Cale Johnston Believes We’re in a New Era of Business Banking
Cale Johnston, CEO of Onsetto Onsetto

Cale Johnston Believes We’re in a New Era of Business Banking

Onsetto wants to make it easier for businesses to move between banks. This year, it’s already raised over $11 million in two funding rounds.

For a while, Cale Johnston thought he was done with fintech.

After building ClickSWITCH into one of Minnesota’s better-known banking software success stories and selling the company to Austin-based Q2 Holdings in 2021, Johnston stayed on for two years before leaving the company. He didn’t expect to return to the industry that had defined much of his entrepreneurial career.

Instead, Johnston took a swing at the fast-moving world of NCAA’s Name, Image, and Likeness (NIL) payment ecosystem.

He founded Roy, a platform designed to connect college sports fans with athletes through NIL. But the business quickly became difficult to navigate as the rules surrounding NIL continued shifting.

“It was really tough,” Johnston says. “We pivoted out of it because the goalpost kept moving.”

Johnston believes Roy entered the market too early, before the infrastructure and long-term economics of NIL had stabilized. Without the time or capital required to continue investing in Roy, Johnston returned to familiar territory, and investors appear eager to follow him.

His new Minneapolis-based fintech startup, Onsetto, launched in 2025 and has already completed two seed funding rounds in 2026 totaling roughly $11.5 million. The company, which also has a tech office in Columbus, Ohio, currently employs 20 people, though Johnston says he hopes to double his staff by the end of the year and grow to 100 banks under contract.

Since last year, Onsetto has signed more than 30 financial institutions, most of them community banks.

From Consumer to Business

Onsetto is tackling a problem Johnston says the banking industry has never fully solved: moving a business relationship from one financial institution to another—but doing so quickly.

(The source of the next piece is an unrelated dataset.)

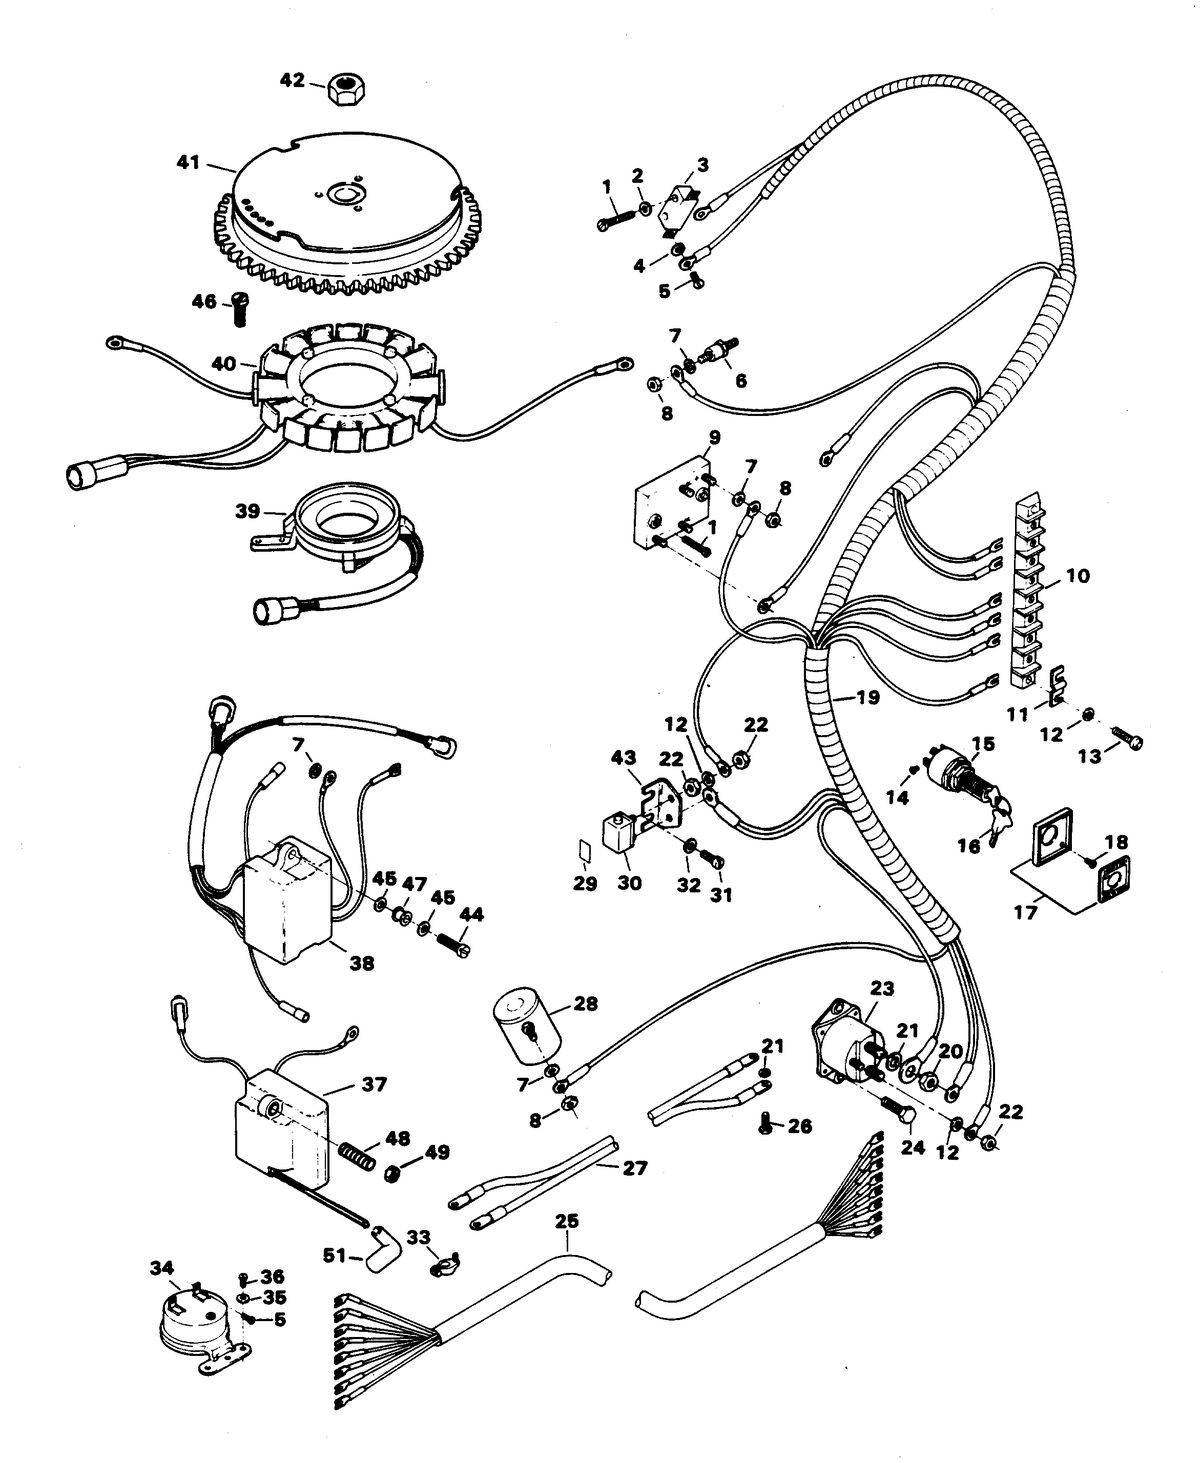 CHRYSLER 55 H.P. ELECTRICAL COMPONENTS

“This time around, there’s a much larger addressable market,” Johnston says when asked about why he got back into the fintech industry.

At ClickSWITCH, the focus was consumer banking. When a customer opened a new account, banks used ClickSWITCH’s software to automatically switch over customers’ direct deposits and recurring payments to the new institution.

Business banking is significantly more complicated.

“When we have to migrate a business account, that one business could have $100 million in deposits,” Johnston explains. “They’ve got to move over accounts receivable systems, vendors, and relationships.”

Today, much of that process remains manual. Banks often rely on spreadsheets and internal workflows to analyze a company’s cash flow, treasury services, account receivables, and payment infrastructure before trying to transition the relationship.

“They’re trying to create a one-to-one match internally,” Johnston says.

Onsetto uses AI models to analyze a business customer’s banking relationships and help financial institutions understand what it would take to win and retain that business. Bankers can upload statements and financial information into the platform, which then forecasts how the relationship could impact the bank if acquired.

“As a consumer, you go into ChatGPT or OpenAI and give it a prompt and it responds,” Johnston says. “We want to bring that type of interface to bankers.”

The idea, he says, is to allow banks to ask questions such as: What products would incentivize this business to move? How valuable is the full relationship? What treasury services would need to transfer?

Once a business and bank agree to begin a relationship, Onsetto then automates the migration itself.

Onsetto Enters a Dynamic Banking Industry

Johnston points to acquisitions such as Old National Bancorp’s acquisition of St. Paul-based Bremer Financial Corporation as an example of where tools like Onsetto could become vital.

“When Old National buys Bremer, the business relationships are with Bremer,” Johnston says, “but they have to transition to Old National Bank. If Old National has a tool like Onsetto, you could easily migrate all those business accounts and retain them.”

That retention piece is critical, he adds.

Right now, banks often compete for businesses through lower rates or attractive lending offers. But even after a business accepts a loan, its core operating accounts (payroll, payables, and receivables) frequently remain elsewhere.

“That’s problematic for the bank because they are just lending, but the deposits are living at a different bank,” Johnston says. “So, it doesn’t work.”

Onsetto’s broader vision is to dramatically reduce the friction involved in moving business banking relationships. Today, Johnston says the process can take anywhere from 90 days to a full year. He believes Onsetto can eventually reduce that timeline to essentially Day One.

“I think we’re going to start living in a world where businesses can move freely,” he says.

What changed between ClickSWITCH’s early days and now, Johnston adds, is the rapid advancement of AI automation tools. He believes the technology has finally reached the point where banks no longer need nearly as much human intervention to onboard and transition customers.

“You can build full-service automation through AI agents and deploy those to get them moved over,” he says.